There are several ways to make vegan curd starters, but this one is the *ultimate* in my opinion. One major issue that people generally face with vegan curds is the absence of a natural tang or sourness, and this starter is perfect for solving this problem 🙂
A BIG thank you to Inderjeet Kaur Tinani for suggesting this idea in a Facebook post. This starter liquid is naturally sour and adds such a delightful tang to the curd! You can add more liquid if you prefer your curd to be on the sourer side. Do try and share your results!
Vegan Curd Starter with Dalia
Yields: 200 ml curd starter liquid
Preparation time: 5 minutes + fermentation time
- 1 glass lukewarm water (200 ml)
- 1 heaped tablespoon dalia (broken wheat)
- 1 teaspoon sugar (optional, but recommended)

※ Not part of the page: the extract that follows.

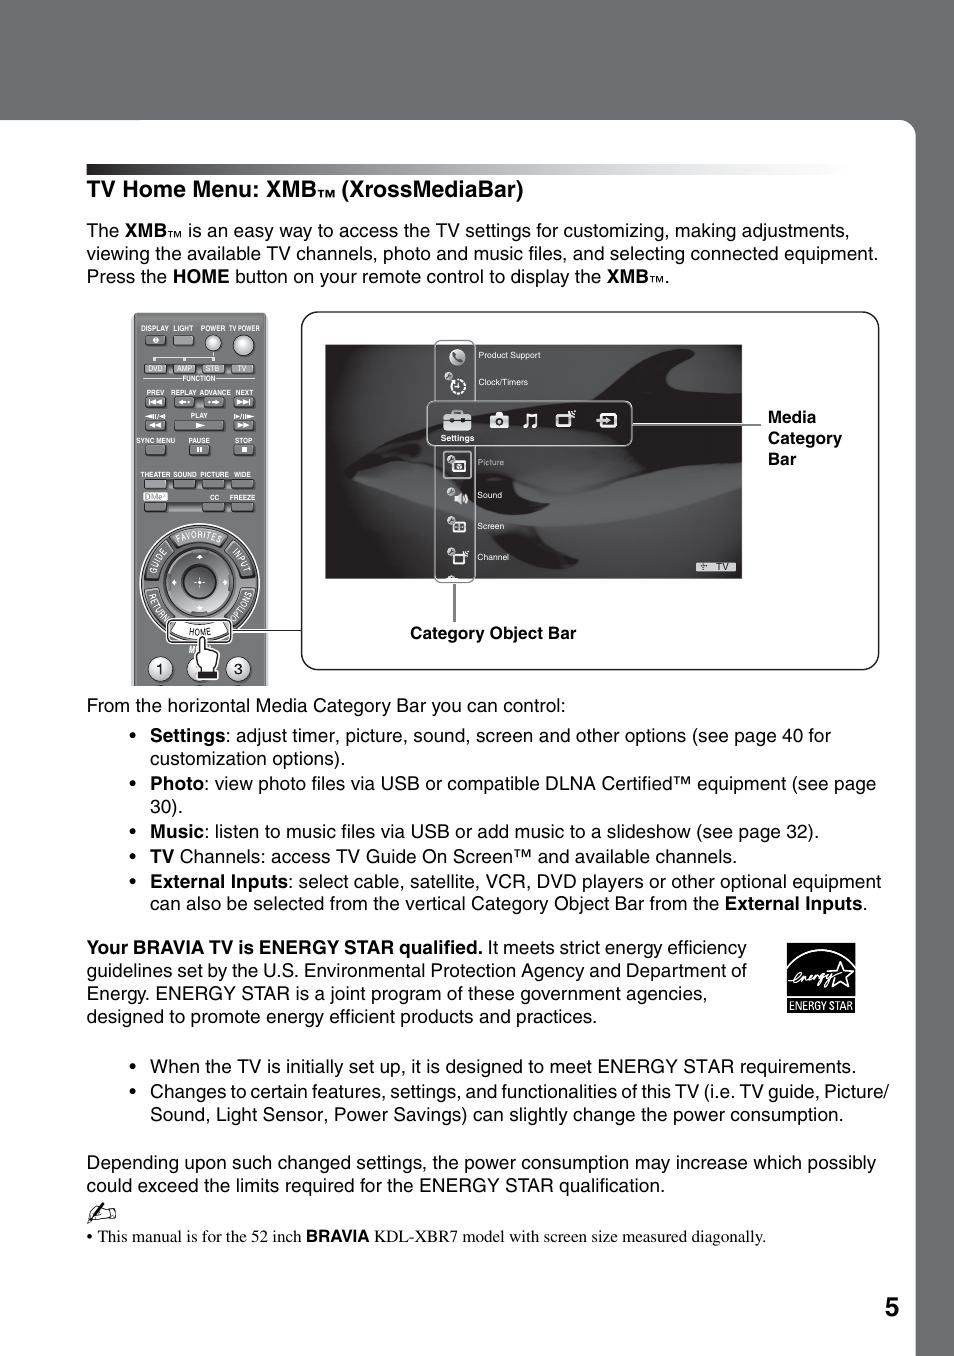 Tv home menu: xmb™ (xrossmediabar), Tv home menu: xmb, Xrossmediabar) | The xmb | Sony KDL-52XBR7 User Manual | Page 5 / 60

- Take the dalia and sugar in a bowl. Add a glass of lukewarm water and mix. Cover and keep aside undisturbed for 36 hours (up to 48 hours in winters).
- The water will be somewhat bubbly on the surface now—it’s now teeming with the “good” bacteria that help set dahi! If it’s not bubbly yet, keep aside for a few more hours.

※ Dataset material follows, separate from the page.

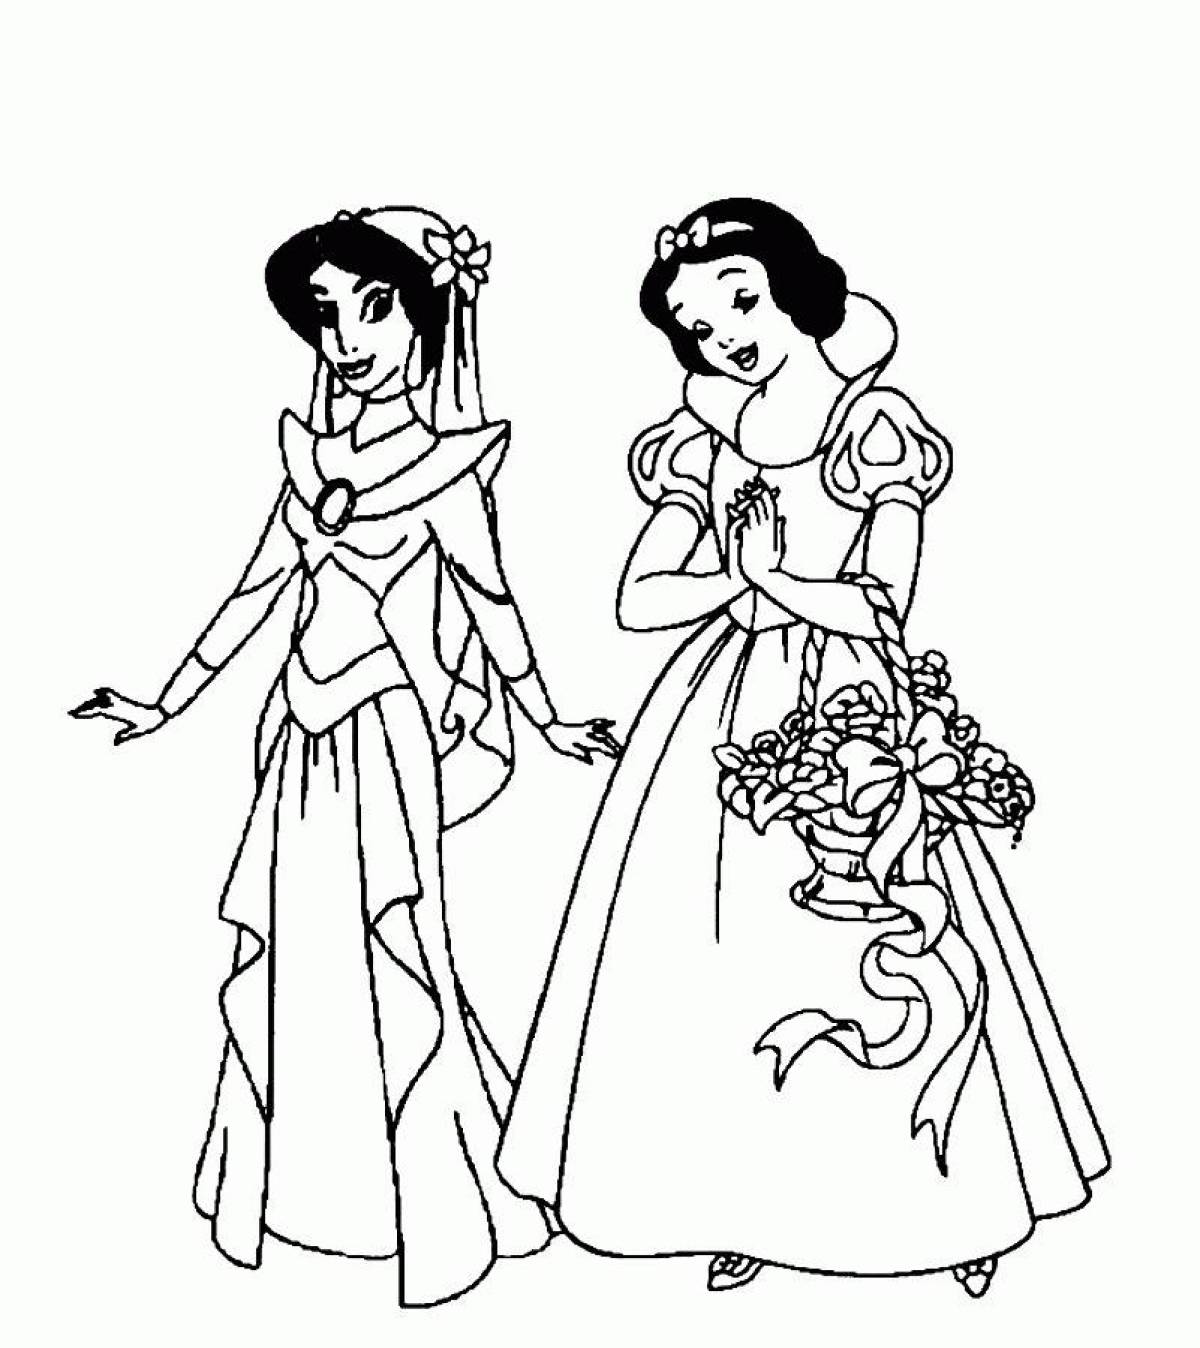 Disney princesses in pretty dresses #3

- Filter out the dalia particles and reserve the water. It will taste a bit fizzy and have a slight pleasantly sour taste. It can be refrigerated for up to a week in an airtight container.
Usage: to make any plant-based curd, add 1 tablespoon of this starter liquid to 500 ml lukewarm milk and keep aside overnight or for as long as you would for dairy curd.
IMPORTANT NOTE: discard the water if it smells bad or has a slimy texture.